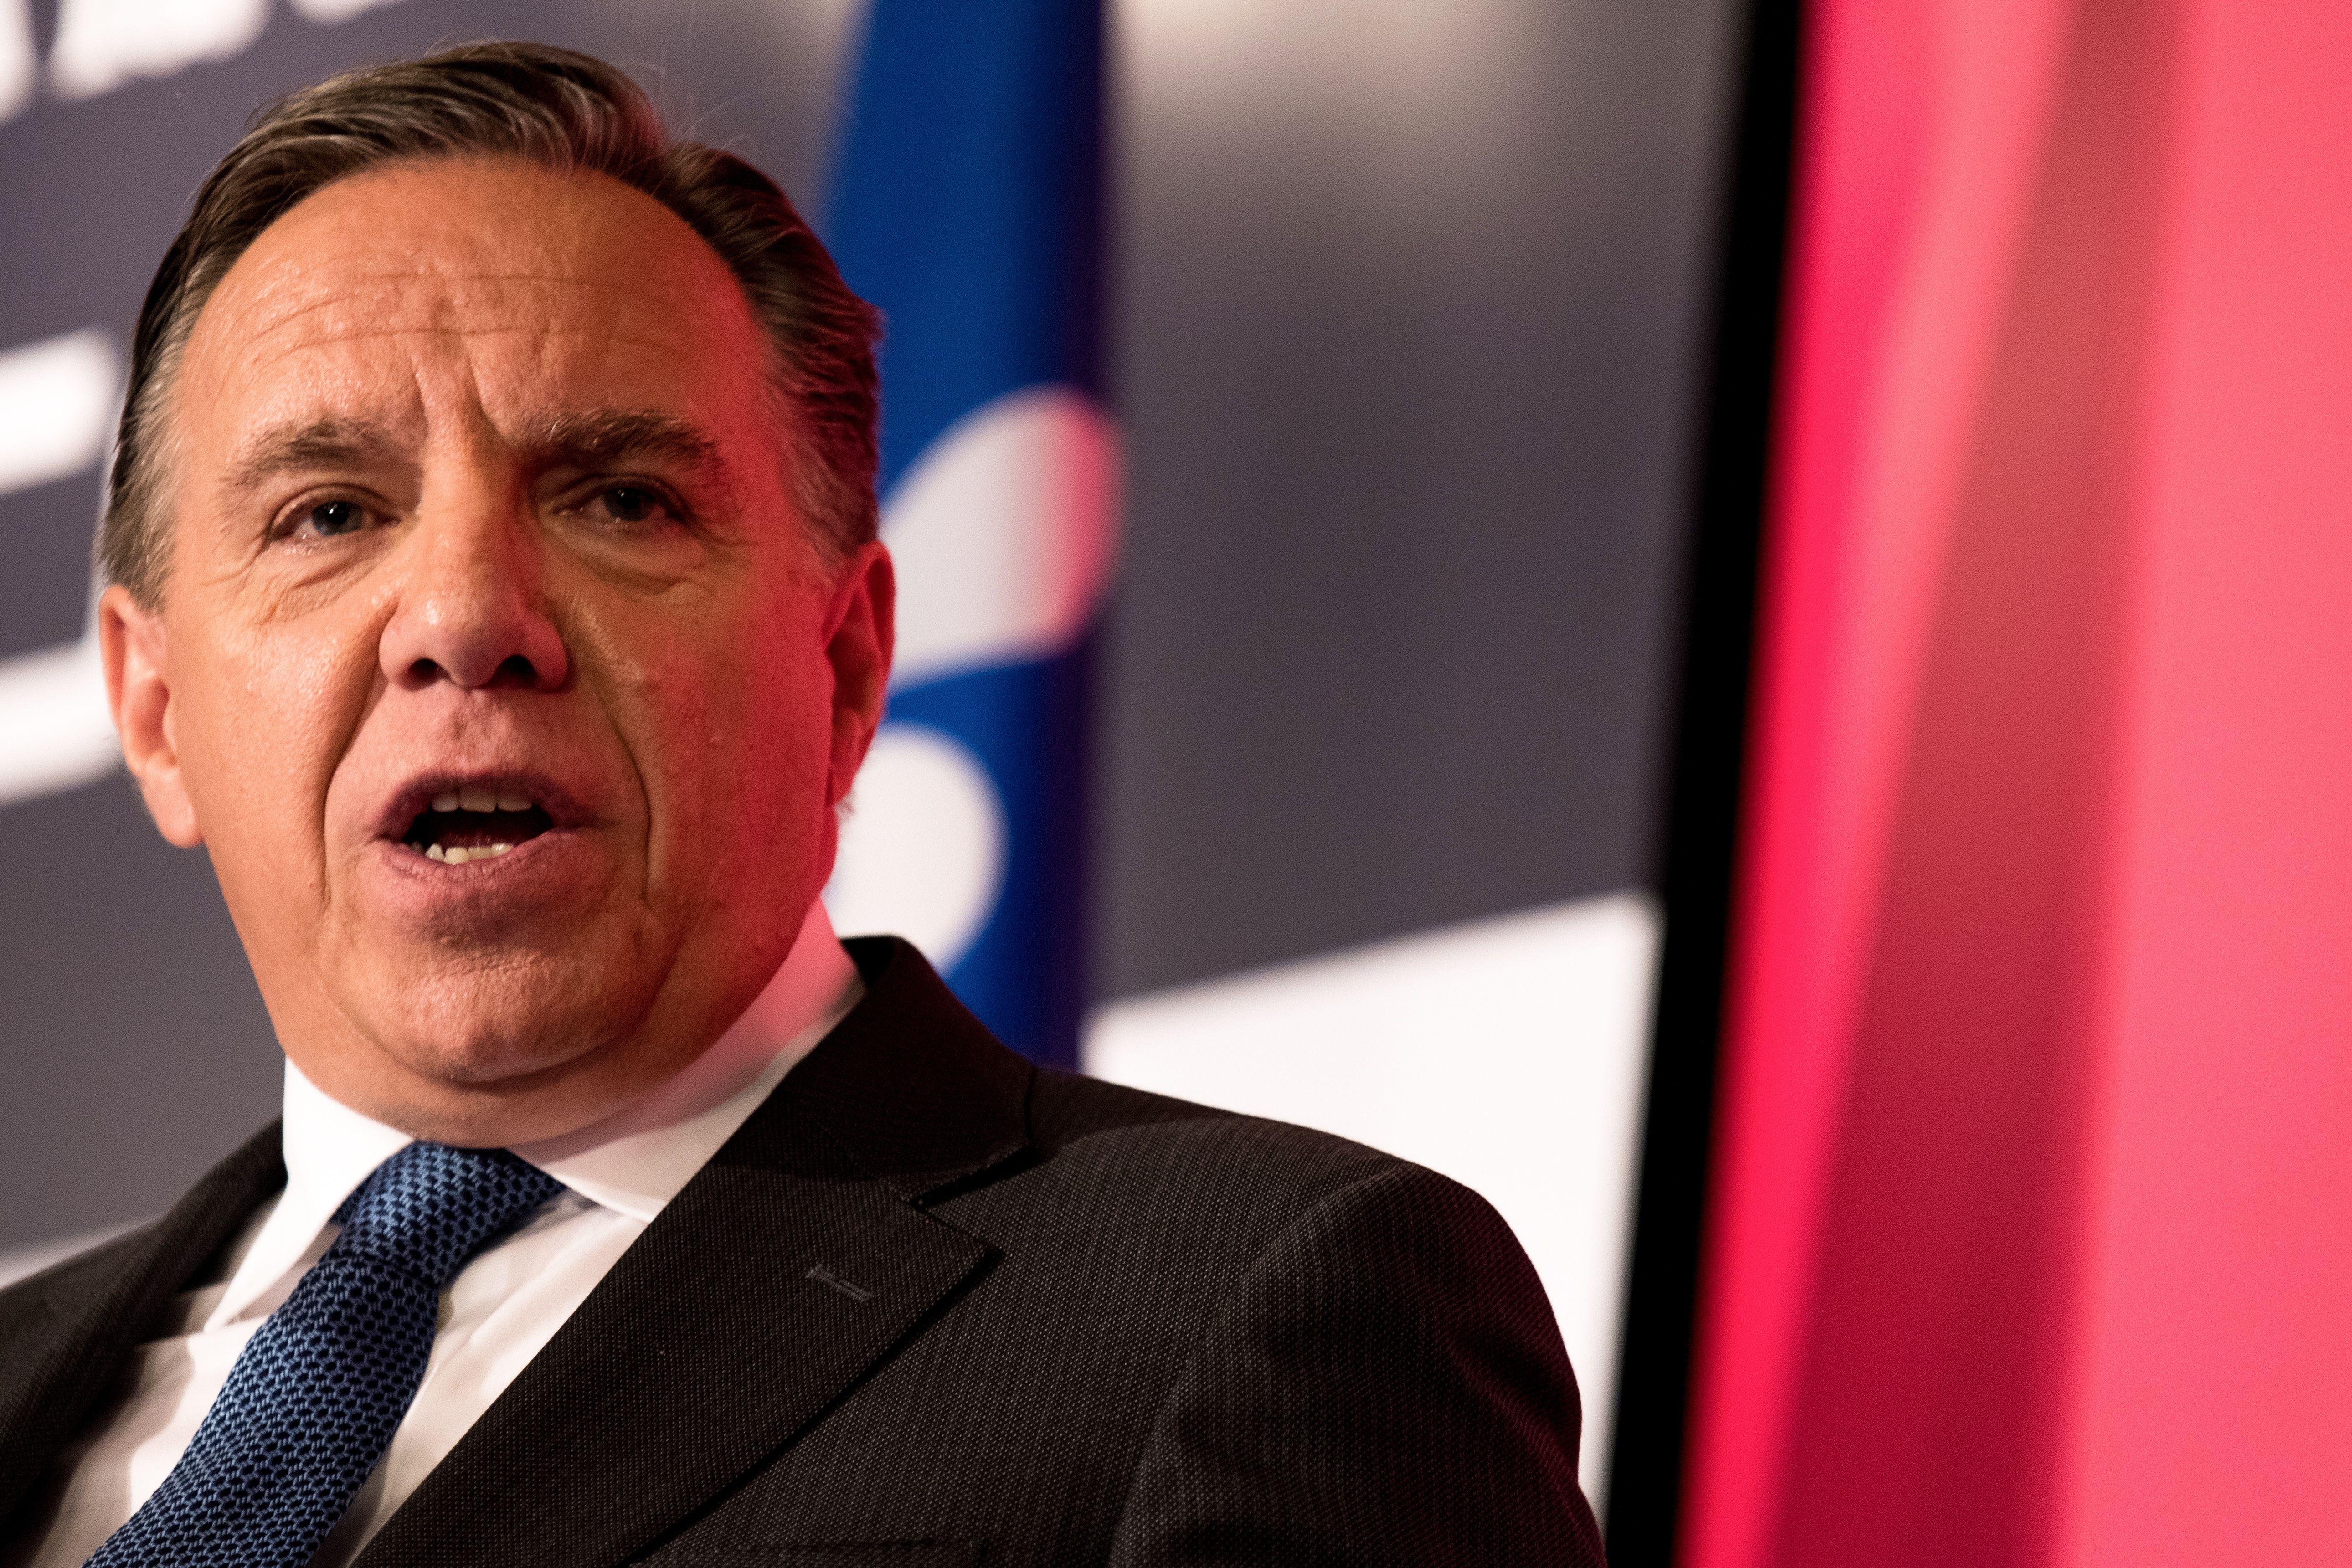 FILES-CANADA-QUEBEC-ELECTIONS-CAQ-PM
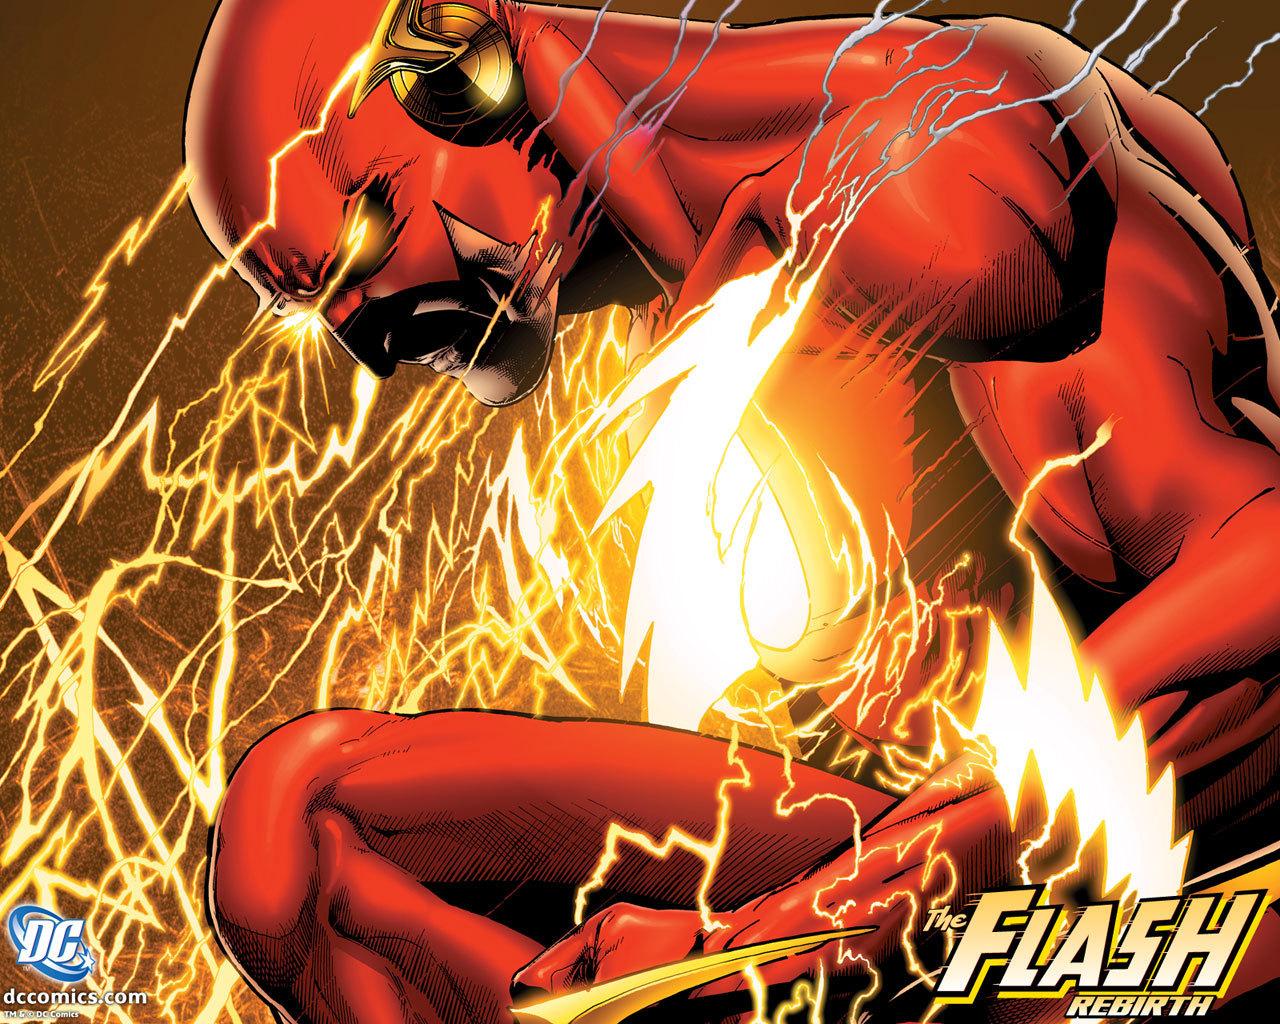 http://1.bp.blogspot.com/-Pw5h_D3A3uw/T2ZWhGz9IgI/AAAAAAAAAFw/ZkrkucaT_Zw/s1600/1280_Flash_the_Rebirth_dc_comics.jpg
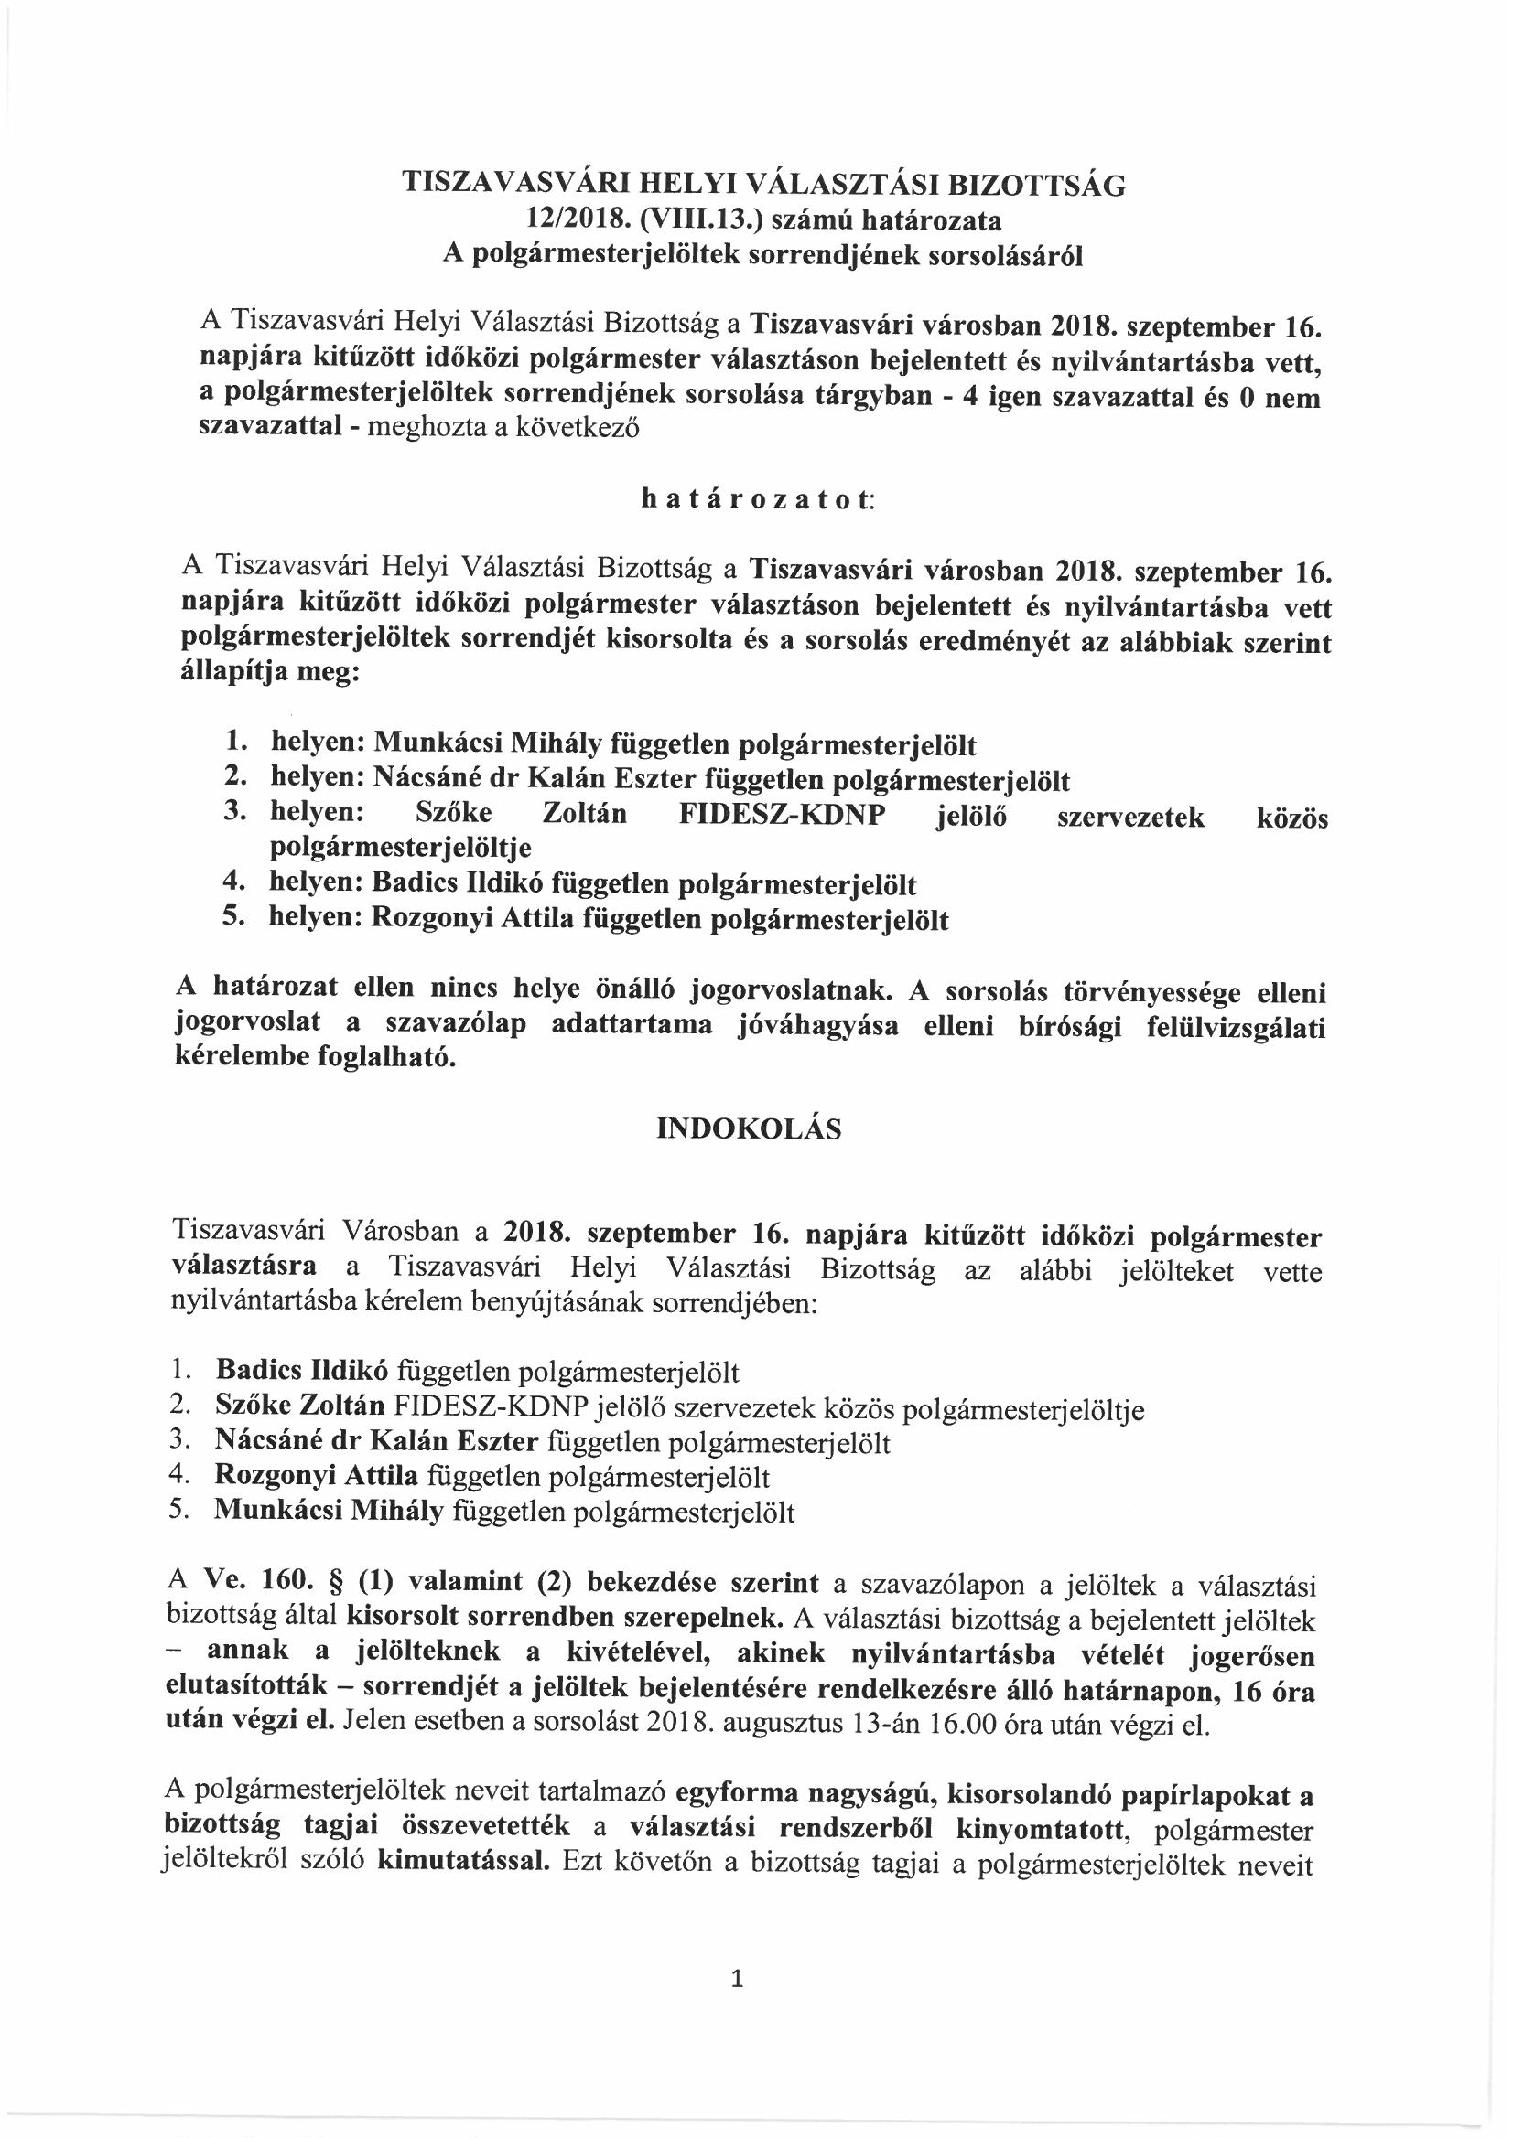 Helyi Választási Bizottság határozata  12-2018.(VIII.13.) 2ffab8cb76

Work required: Give back the listing exactly, without a single picture.

Task output:
 FILES-CANADA-QUEBEC-ELECTIONS-CAQ-PM
 http://1.bp.blogspot.com/-Pw5h_D3A3uw/T2ZWhGz9IgI/AAAAAAAAAFw/ZkrkucaT_Zw/s1600/1280_Flash_the_Rebirth_dc_comics.jpg
 Helyi Választási Bizottság határozata  12-2018.(VIII.13.) 2ffab8cb76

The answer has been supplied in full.